DLA Piper helps build pro bono culture in Colombia

New Perimeter, DLA Piper’s non-profit affiliate that provides long-term pro bono legal assistance in under-served regions around the world, recently taught an online seminar on pro bono to more than 30 undergraduate law students at the Universidad del Rosario in Bogotá, Colombia.

During the course, which was held on November 18, Lisa Dewey, DLA Piper’s pro bono partner and director of New Perimeter, and Sara Andrews, senior international pro bono counsel and assistant director of New Perimeter, spoke to the participating students about the importance of pro bono legal work and how they can get involved in pro bono over the course of their legal careers.

The project is part of an eight-year relationship between New Perimeter, the Universidad del Rosario and Fundación Pro Bono Colombia to encourage and help create a culture of pro bono in Colombia.
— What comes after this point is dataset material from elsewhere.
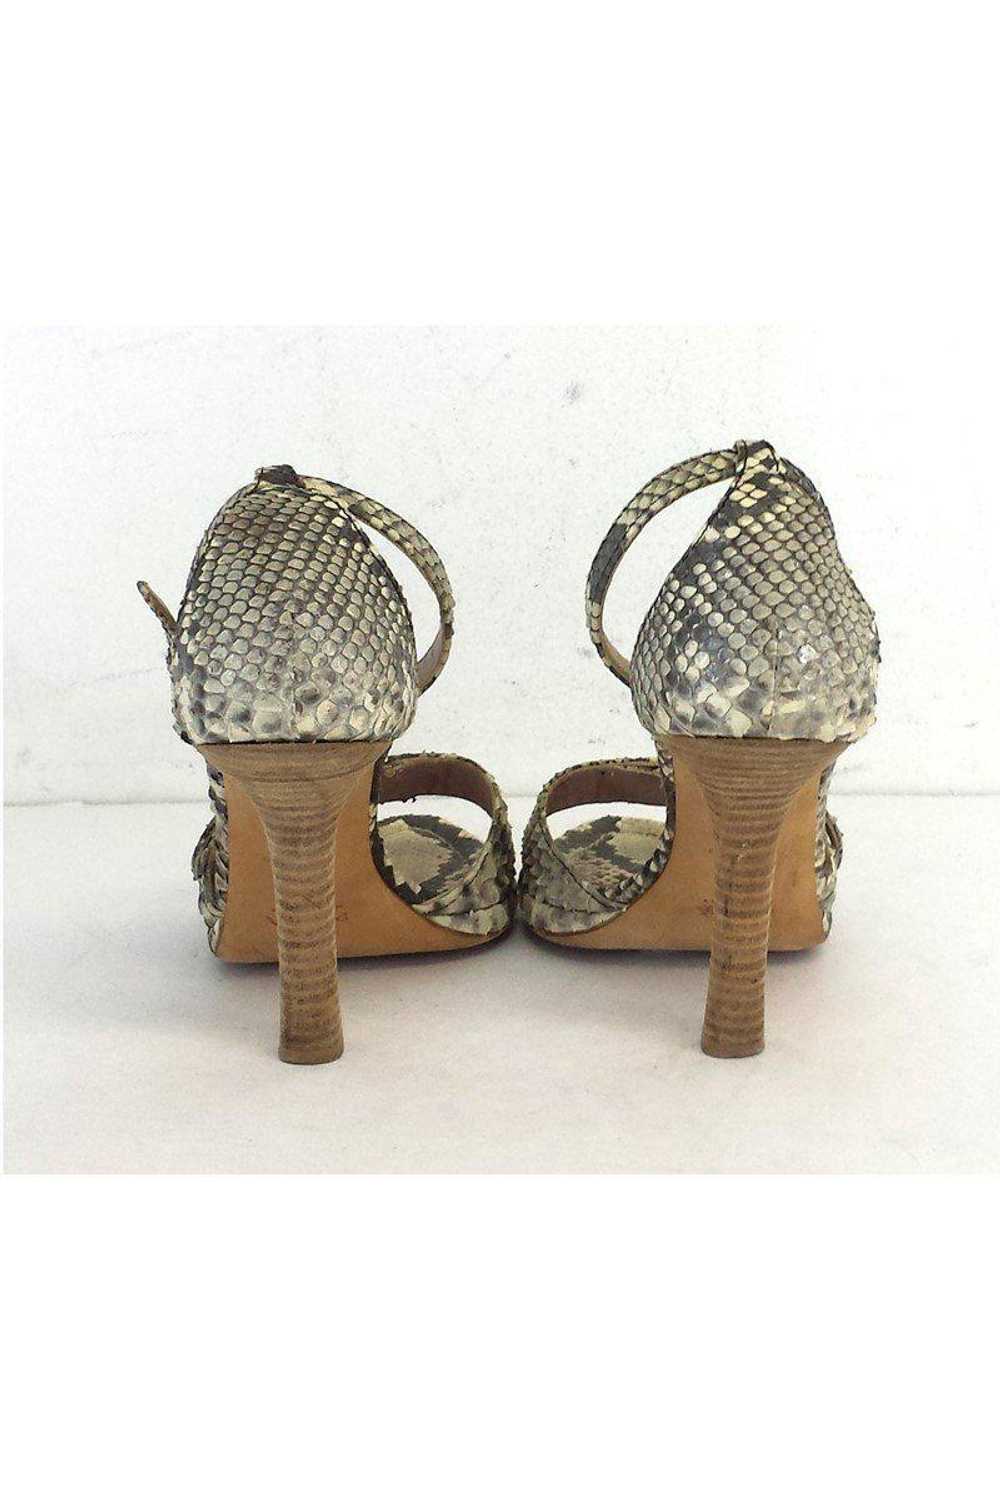 Prada - Beige & Grey Snakeskin Sandal Heels Sz 7 - image 4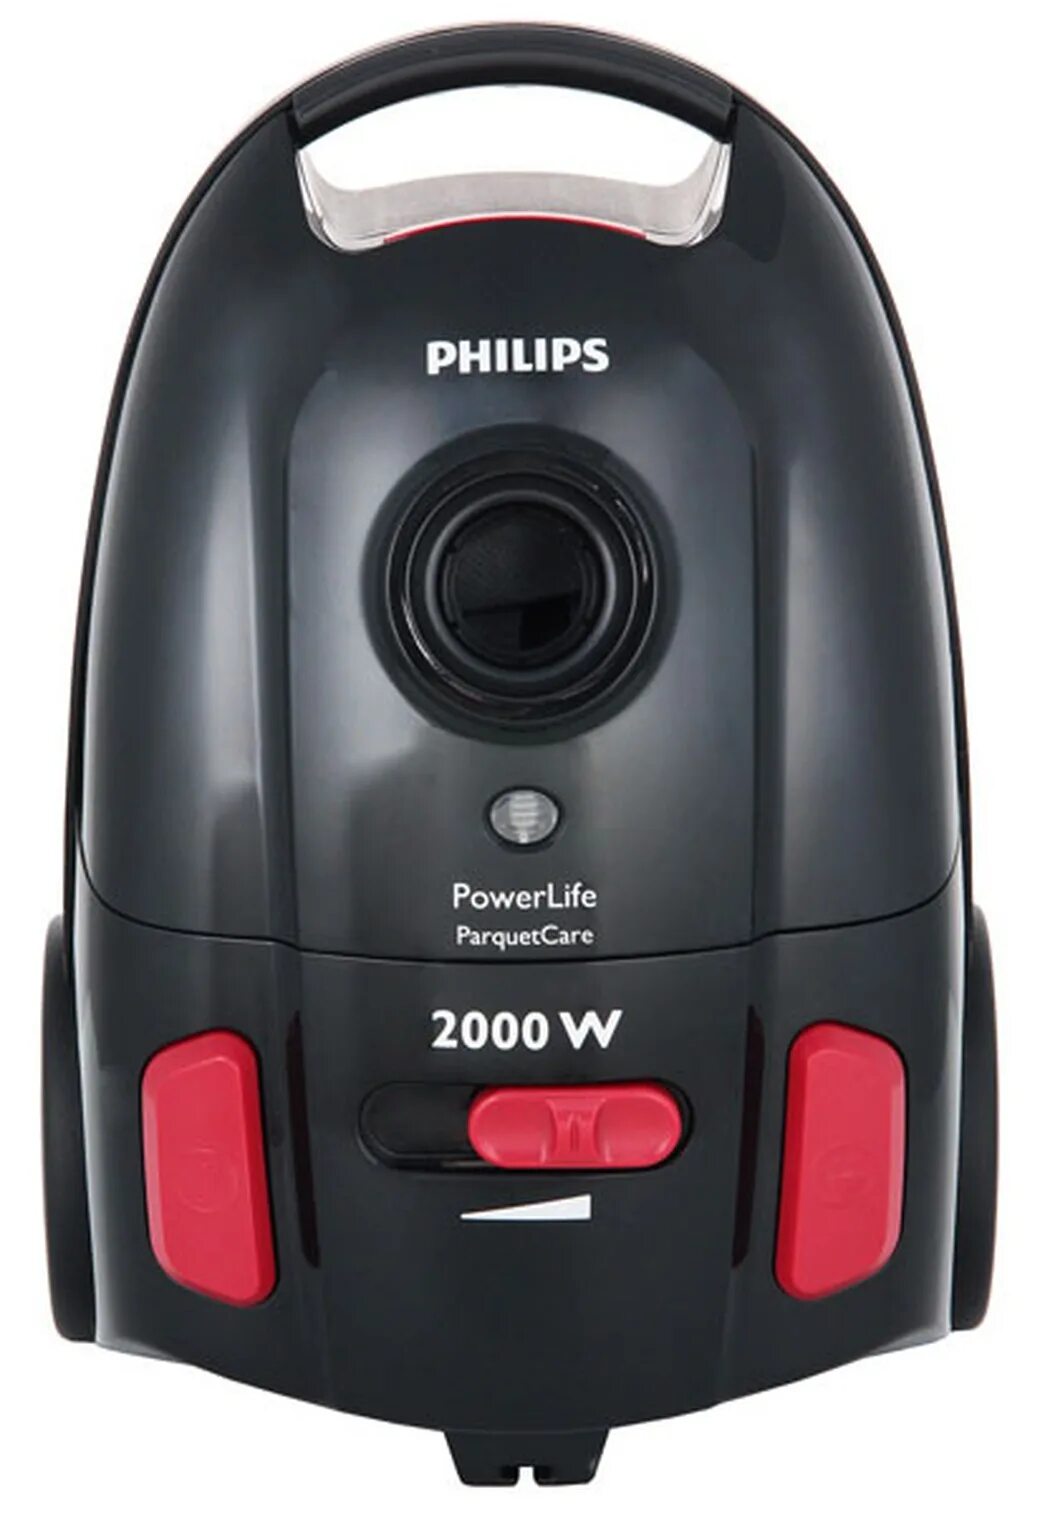 Пылесос Philips fc8454 POWERLIFE. Пылесос Philips 2000w. Пылесос Филипс 2000w. Fc8454 Philips.

Over the course of the collaboration, New Perimeter has sent lawyers to Colombia to teach law students and practicing lawyers about legal social responsibility, the use of pro bono to address unmet legal needs and increase access to justice, and the history of pro bono in the United States and around the world. This is the first time New Perimeter connected virtually with Colombian students.

“It is always a pleasure to speak to Colombian law students about pro bono,” Dewey said. “Even though we weren’t able to be there in person this year, it was exciting to connect virtually to hear about the important issues the students are passionate about and how they plan to use their legal degrees to make a difference in Colombia.”